JUSTICE - Christian Ballé-Andui a déposé ce lundi devant la cour d’assises spéciale où sont jugés Abdelkader Merah et Fettah Malki. Au cours de son témoignage, l’ancien-patron du renseignement intérieur toulousain a indiqué avoir donné une note dès le 15 mars 2012 à la DCRI, dans laquelle figurait le nom de Mohamed Merah. Il a par ailleurs indiqué que la direction centrale du renseignement intérieur imaginait recruter le tueur au scooter, un mois avant qu'il ne passe à l'action en mars 2012….

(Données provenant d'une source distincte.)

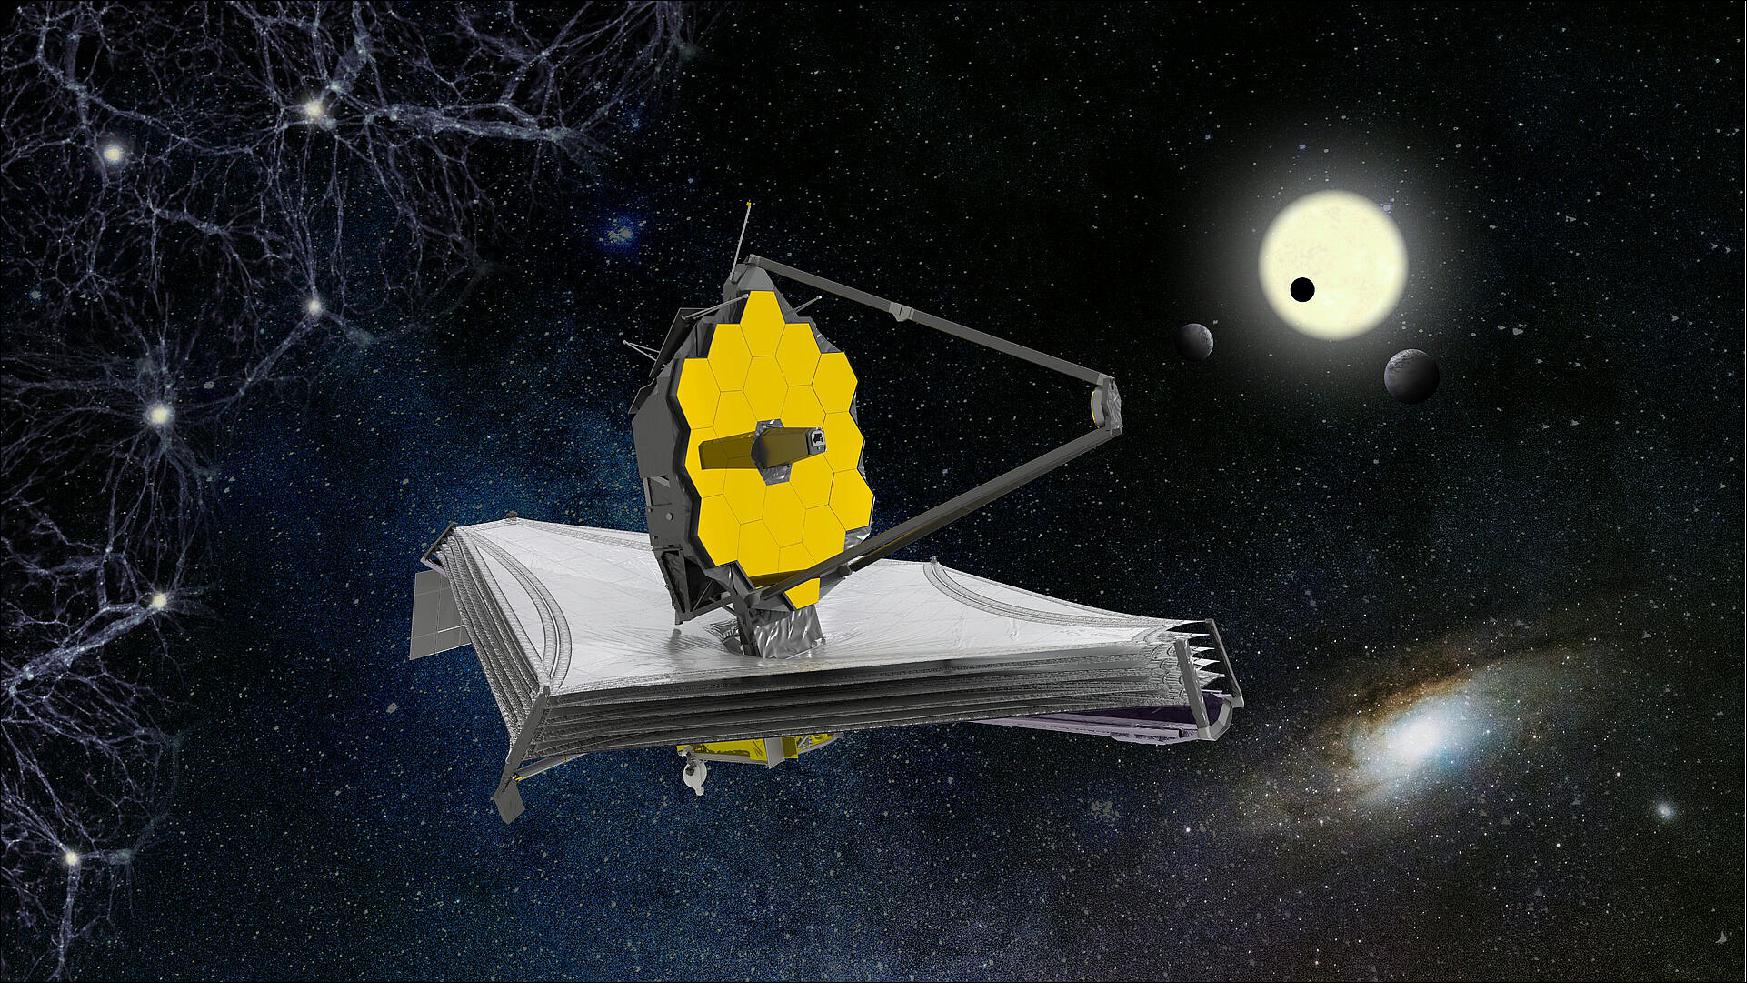 Figure 25: The James Webb Space Telescope (Webb) will be the largest, most powerful telescope ever launched into space. It follows in the footsteps of the Hubble Space Telescope as the next great space science observatory, designed to answer outstanding questions about the Universe and to make breakthrough discoveries in all fields of astronomy . 19)

Il était le témoin numéro 5. Il avait opté pour l’anonymisation. Ce lundi, tous ont salué le courage de cet homme sexagénaire qui est venu finalement déposer à la barre, visage découvert, et identité déclinée. Lui, c’est Christian Ballé-Andui, ancien patron du renseignement toulousain. Pendant plusieurs heures, cet homme aux cheveux poivre et sel, costume sombre, cravate et lunettes sur le nez, a expliqué comment en mars 2012, il avait tenté d’alerter la Direction centrale du renseignement intérieur (la DCRI est depuis devenue DGSI, pour Direction générale de la Sécurité intérieure), en vain. Personne ne l’a écouté. Pourtant, ses précieux conseils auraient sans doute évité la tuerie de l’école Ozar Hatorah, le 19 mars 2012. 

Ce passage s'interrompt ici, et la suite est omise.